An image processing method that extracts, as a processing target image, an image that undergoes annotation processing that associates the position and name of an object appearing in the image with the image, the method comprising:
Extracting images to be processed from moving images taken by a camera attached to a moving object, during a period in which the moving object is running in a straight line or in a stopped state;
Image processing method.

An image processing method that extracts, as a processing target image, an image that undergoes annotation processing that associates the position and name of an object appearing in the image with the image, the method comprising:
Obtaining a moving image shot by a camera attached to a moving object and travel information of the moving object at the time of shooting the moving image,
Based on the acquired traveling information, selecting a moving image of a period in which the moving object is in a straight-line traveling state or a stopped state from among the acquired moving images,
extracting a processing target image from the selected video image;
Image processing method.

An annotation processing method for associating the position and name of an object appearing in an image with the image, the method comprising:
Obtaining a moving image captured by a camera attached to a moving object and travel information of the moving object at the time the moving image was captured;
Based on the acquired traveling information, selecting a moving image of a period in which the mobile object is in a straight running state or a stopped state from among the acquired moving images,
When an object in a first frame image included in the selected moving image can be tracked in a second frame image different from the first frame image, the object is associated with the first frame image. An annotation processing method that associates the position and name of an object with the image of the second frame.

An image processing program that extracts, as a processing target image, an image that performs annotation processing that associates the position and name of an object that appears in the image with the image,
Obtaining a moving image shot by a camera attached to a moving object and travel information of the moving object at the time of shooting the moving image,
Based on the acquired traveling information, selecting a moving image of a period in which the mobile object is in a straight running state or a stopped state from among the acquired moving images,
extracting an image to be processed from the selected video image;
An image processing program for the processor to execute.

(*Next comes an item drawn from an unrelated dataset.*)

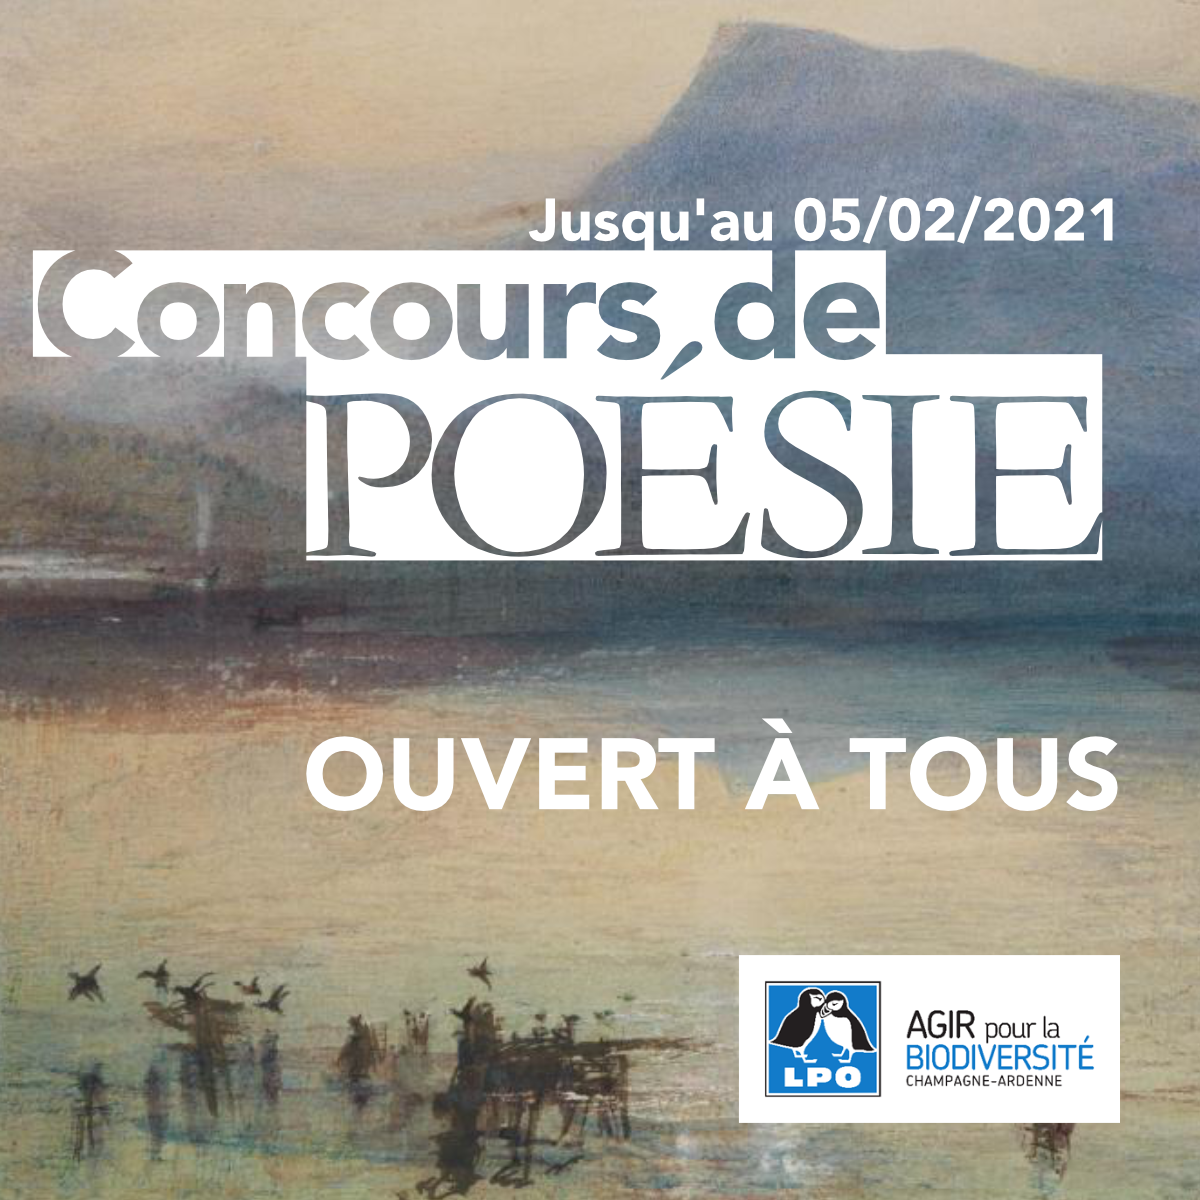 image fb twitter concours poesie

An annotation processing program that associates the position and name of an object appearing in an image with the image,
Obtaining a moving image captured by a camera attached to a moving object and travel information of the moving object at the time the moving image was captured;
Based on the acquired traveling information, selecting a moving image of a period in which the mobile object is in a straight running state or a stopped state from among the acquired moving images,
When an object in a first frame image included in the selected moving image can be tracked in a second frame image different from the first frame image, the object is associated with the first frame image. storing the position and name of the object in association with the image of the second frame;
An image processing program for the processor to execute.